* Problem description: Write out again, word for word, the lines below from the line that holds "プロジェクトマネージャーの知識を深める資格などを紹介" through the line that holds "تقرير إسرائيلي: تل", omitting pictures.

* Data provided:
-- Opening Marker --
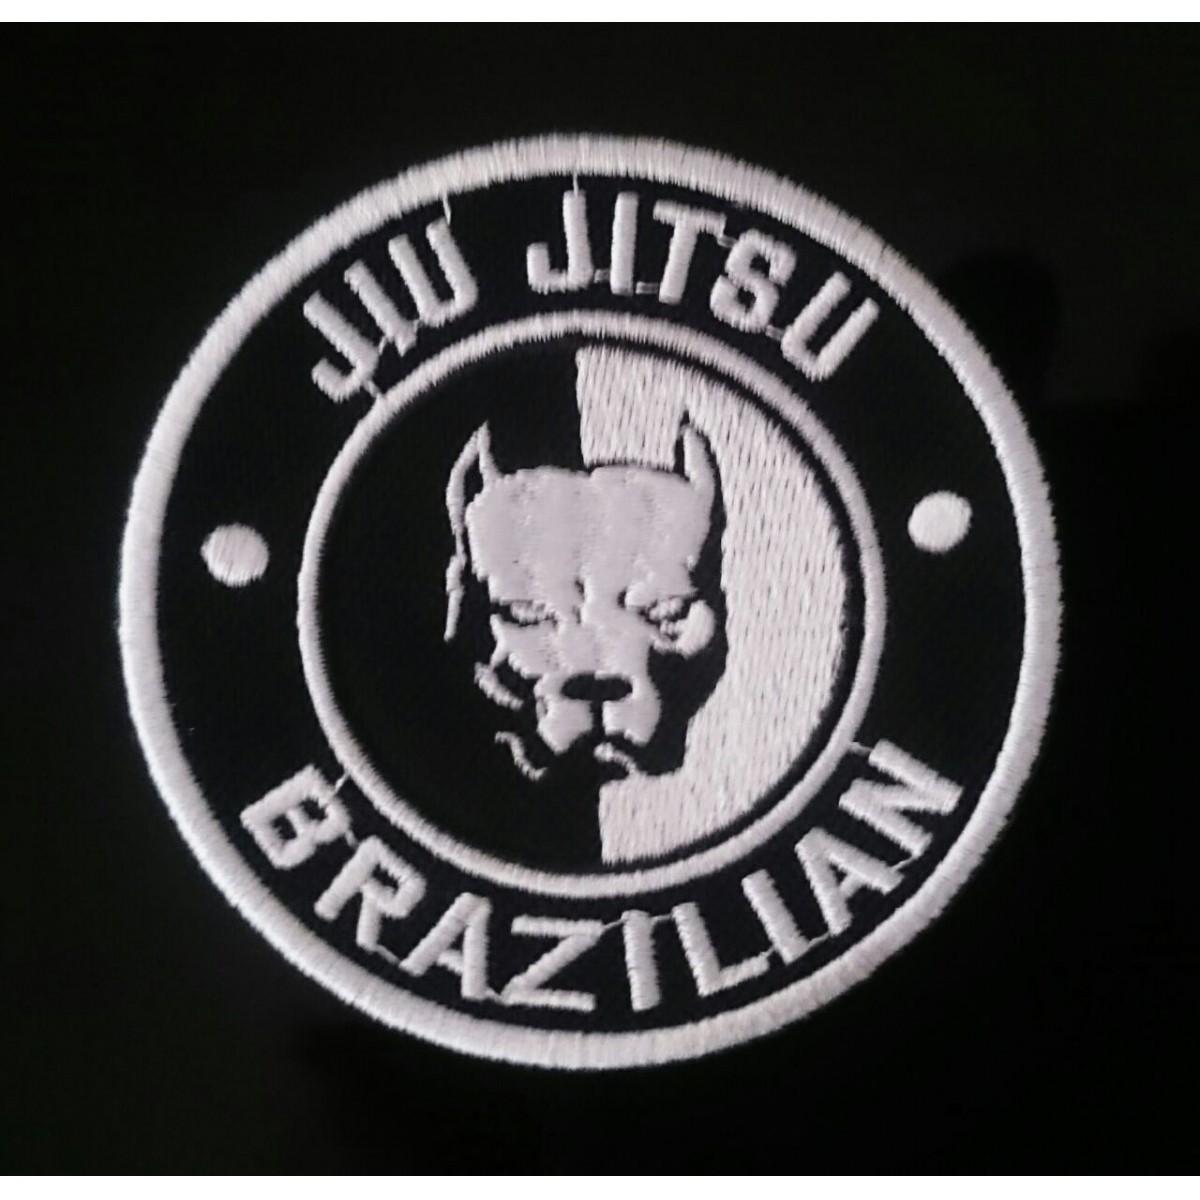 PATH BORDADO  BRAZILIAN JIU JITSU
-- Closing Marker --
-- Opening Marker --
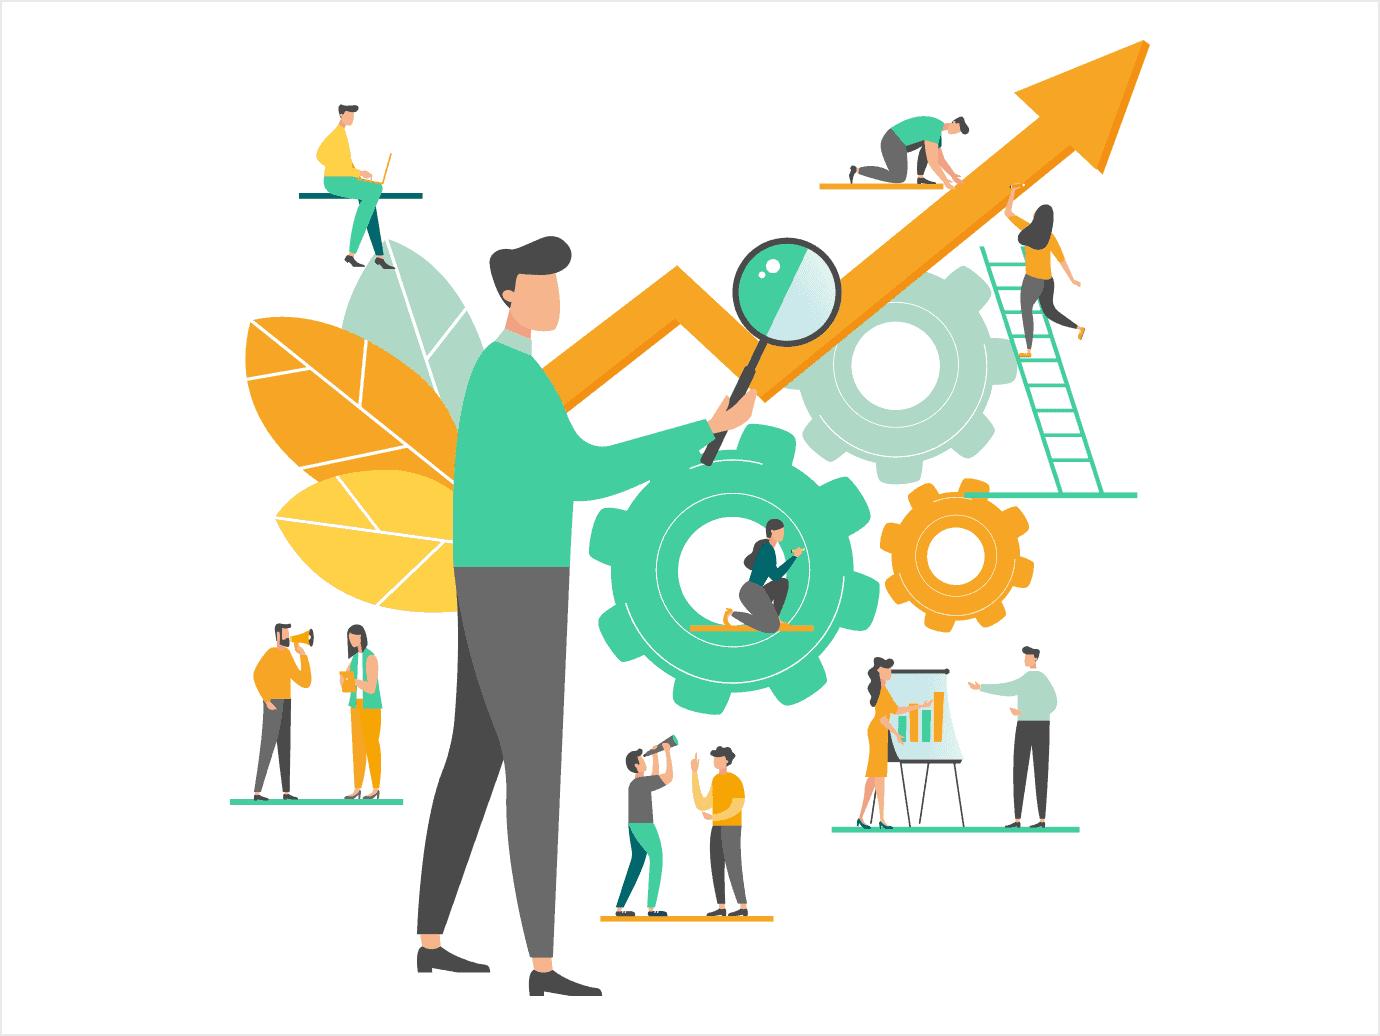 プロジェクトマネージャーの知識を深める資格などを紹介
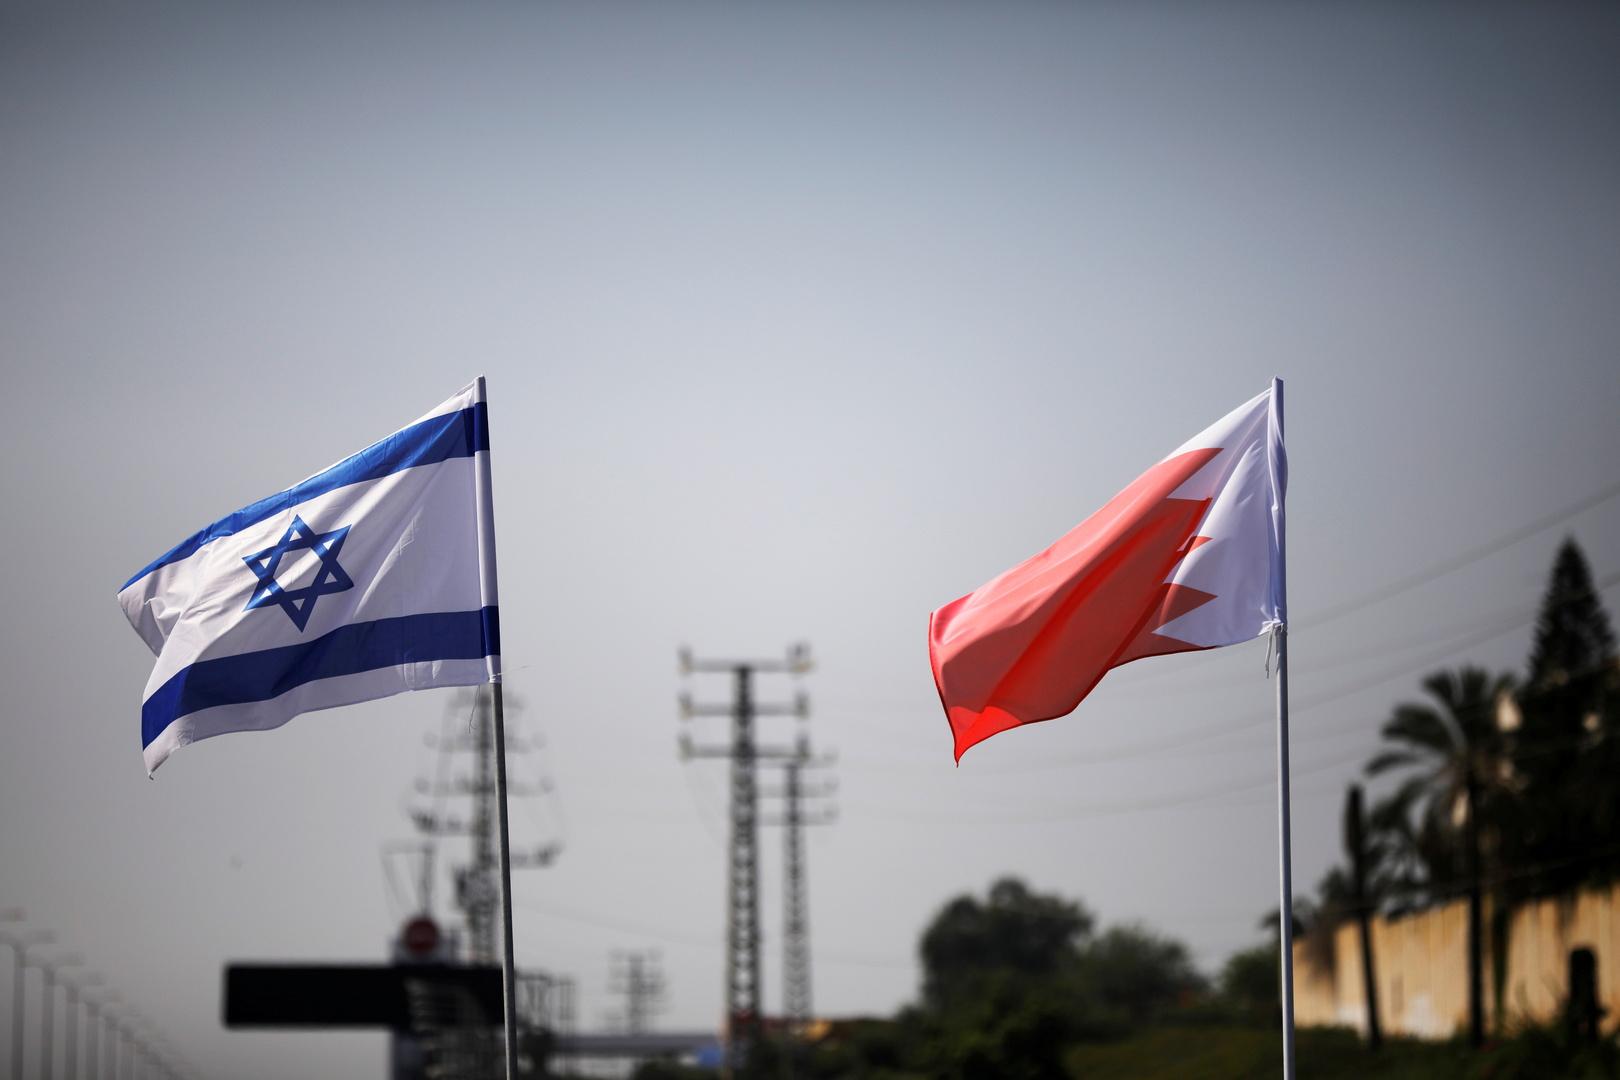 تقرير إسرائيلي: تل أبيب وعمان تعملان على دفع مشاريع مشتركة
-- Closing Marker --
-- Opening Marker --
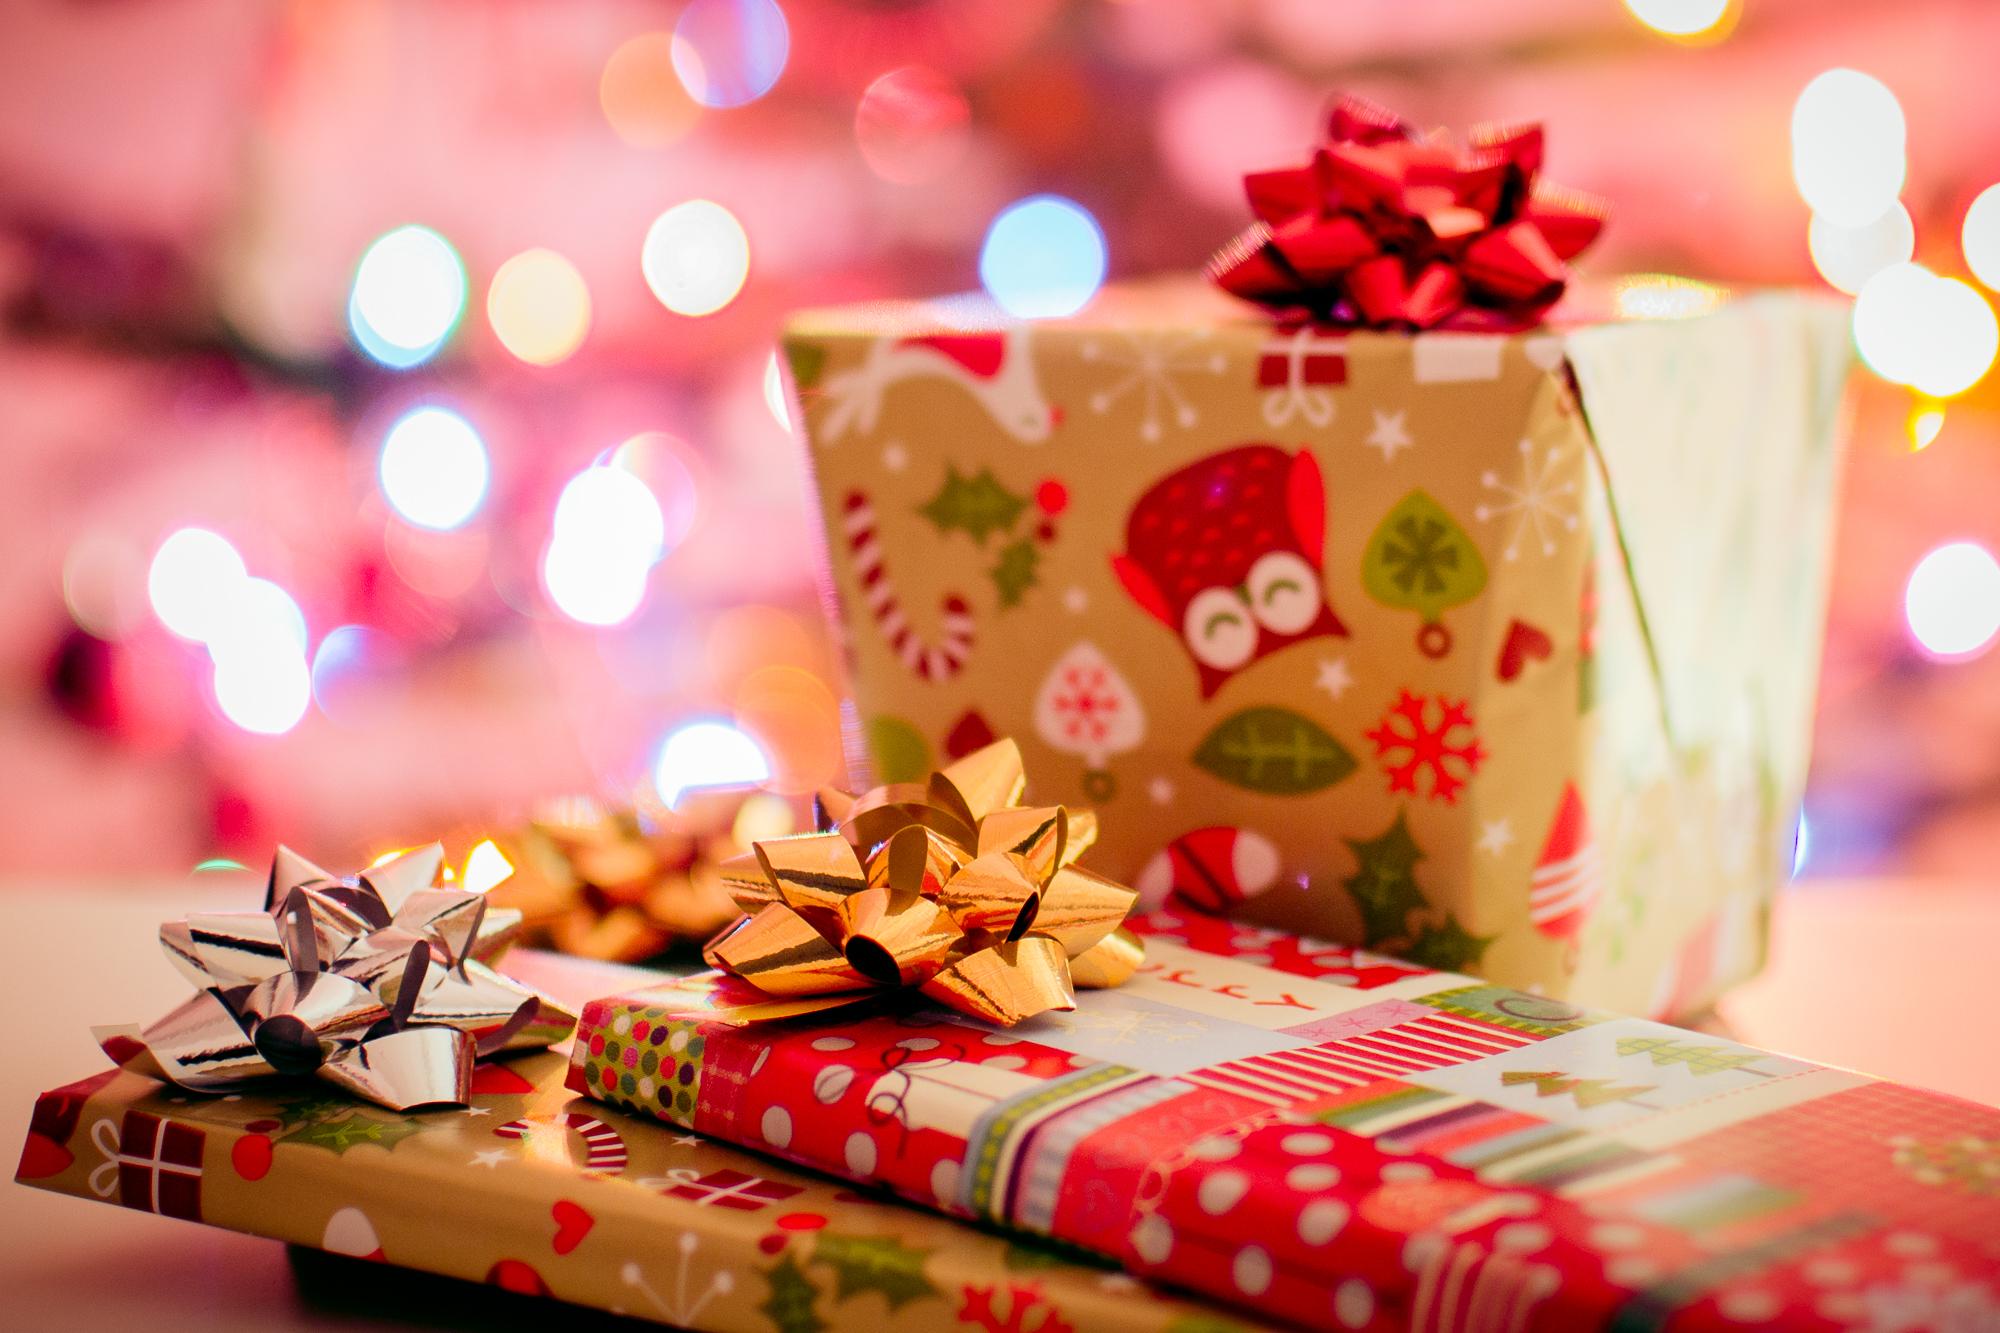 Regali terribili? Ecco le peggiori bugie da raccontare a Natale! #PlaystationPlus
-- Closing Marker --
* Written response:
 プロジェクトマネージャーの知識を深める資格などを紹介
 تقرير إسرائيلي: تل أبيب وعمان تعملان على دفع مشاريع مشتركة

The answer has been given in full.